If attempt and conspiracy were the only offenses that would be based on an assessment of dangerousness, upholding the principle of consistency might require a very high likelihood of harm before preventive detention could occur. Nevertheless, a retrospective retributive judgment cannot be made without an assessment of the harm or risk caused by the decision, either from an objective perspective or as perceived by the actor. Thus, the application of the principle of consistency may allow preventive detention in similar low-risk situations.

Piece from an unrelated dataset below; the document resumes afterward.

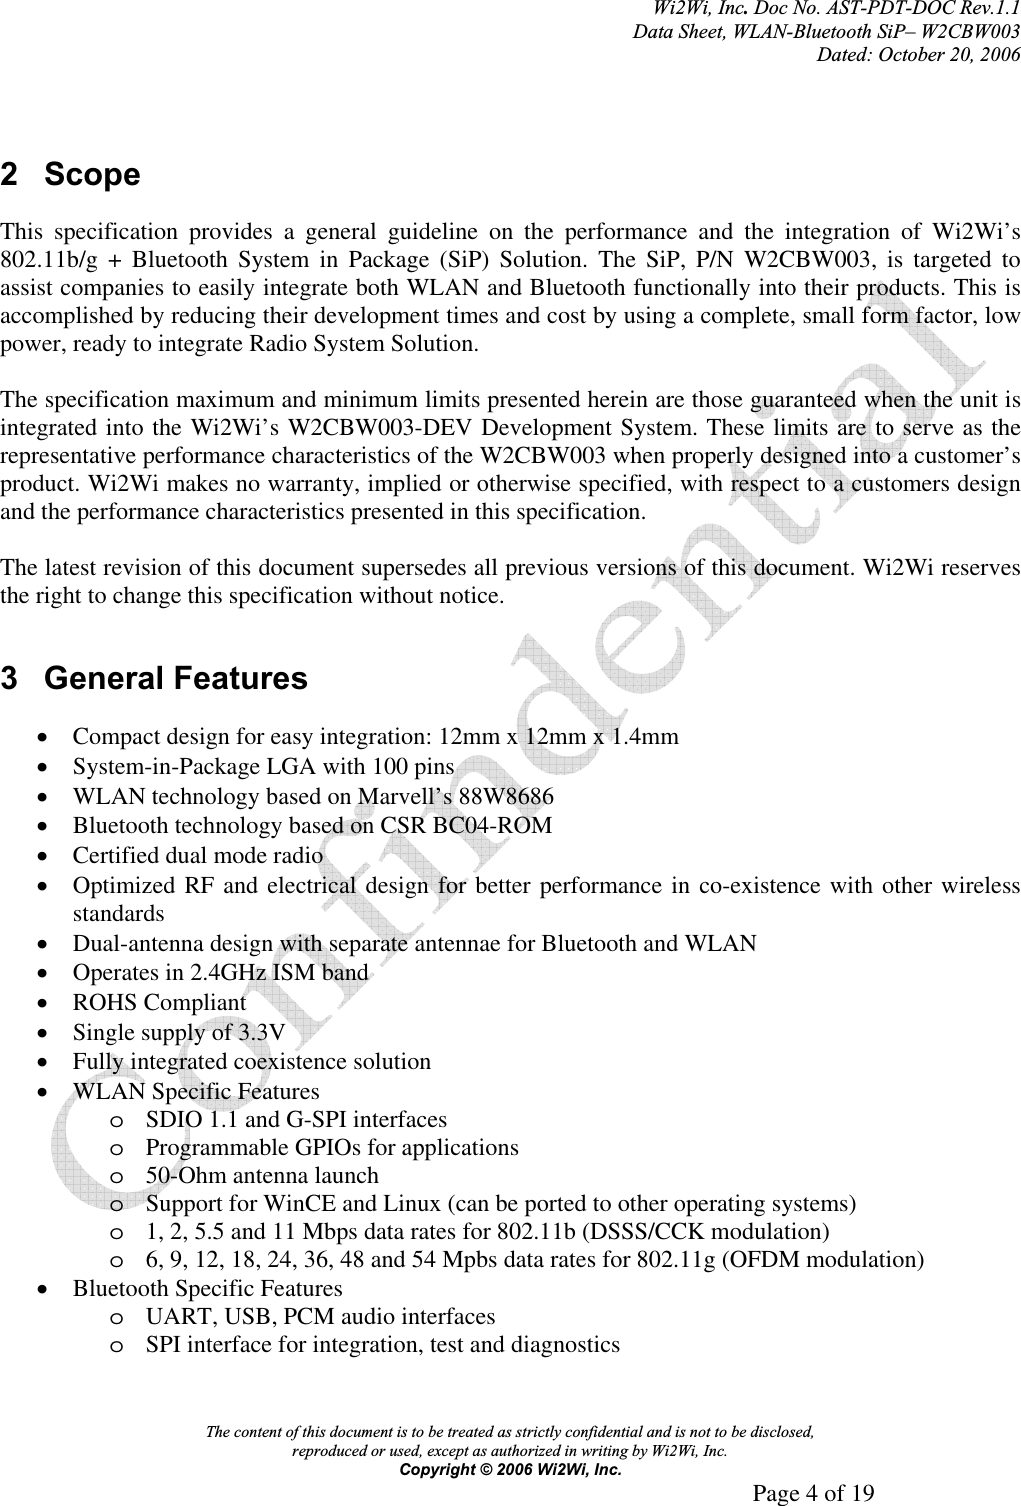 Wi2Wi, Inc.Doc No. AST-PDT-DOC Rev.1.1  Data Sheet, WLAN-Bluetooth SiP– W2CBW003 Dated: October 20, 2006 The content of this document is to be treated as strictly confidential and is not to be disclosed,  reproduced or used, except as authorized in writing by Wi2Wi, Inc.  Copyright © 2006 Wi2Wi, Inc.     Page 4 of 19   2 Scope This specification provides a general guideline on the performance and the integration of Wi2Wi’s  802.11b/g + Bluetooth System in Package (SiP) Solution. The SiP, P/N W2CBW003, is targeted to assist companies to easily integrate both WLAN and Bluetooth functionally into their products. This is accomplished by reducing their development times and cost by using a complete, small form factor, low power, ready to integrate Radio System Solution. The specification maximum and minimum limits presented herein are those guaranteed when the unit is integrated into the Wi2Wi’s W2CBW003-DEV Development System. These limits are to serve as the representative performance characteristics of the W2CBW003 when properly designed into a customer’s product. Wi2Wi makes no warranty, implied or otherwise specified, with respect to a customers design and the performance characteristics presented in this specification. The latest revision of this document supersedes all previous versions of this document. Wi2Wi reserves the right to change this specification without notice. 3 General Features xCompact design for easy integration: 12mm x 12mm x 1.4mm xSystem-in-Package LGA with 100 pins xWLAN technology based on Marvell’s 88W8686 xBluetooth technology based on CSR BC04-ROM xCertified dual mode radio xOptimized RF and electrical design for better performance in co-existence with other wireless standards xDual-antenna design with separate antennae for Bluetooth and WLAN xOperates in 2.4GHz ISM band xROHS Compliant xSingle supply of 3.3V xFully integrated coexistence solution xWLAN Specific Features oSDIO 1.1 and G-SPI interfaces oProgrammable GPIOs for applications o50-Ohm antenna launch oSupport for WinCE and Linux (can be ported to other operating systems) o1, 2, 5.5 and 11 Mbps data rates for 802.11b (DSSS/CCK modulation) o6, 9, 12, 18, 24, 36, 48 and 54 Mpbs data rates for 802.11g (OFDM modulation) xBluetooth Specific Features oUART, USB, PCM audio interfaces oSPI interface for integration, test and diagnostics

According to the principle of consistency, this suggests that, at least initially, the preventive ban can be based on the occurrence of moderate or even minimal risk, regardless of the nature of the threatened harm. When defining crime, the retributivist may claim that the central point of inquiry is culpability, not the degree of dangerousness inherent in particular acts.256 As a result, the fact that some predicate crimes may not require a high level of dangerousness is not a relevant one in -. The problem with the retributivist argument is that, in any of the predicate crimes just discussed, subjective awareness of the degree of danger is virtually or entirely irrelevant.
A person is convicted of gun or drug possession, drunk driving, or vagrancy if he meets the law's requirement, regardless of whether he was aware of the risk he was creating (or lack thereof). The logic of the consistency principle does not dictate that the level of risk required for preventive detention correlates with the currently low levels associated with many anticipatory crimes. While Stuntz doesn't believe the Legislature can be persuaded to change their practice of expanding and broadening the scope of criminal law, Dubber is more optimistic.
The actus reus requirement also quietly went out, as the concept of the act proved flexible enough to provide at least a semblance of legitimacy to the paradigmatic crime of the war on crime, possession. While Addington rejected the reasonable doubt standard as unduly strict when it comes to noncriminal incarceration,2 75 he also rejected the lesser preponderance of the evidence standard of proof in this setting.76 If the principle of consistency is applied proactively, this conclusion should have important implications for criminal law. right.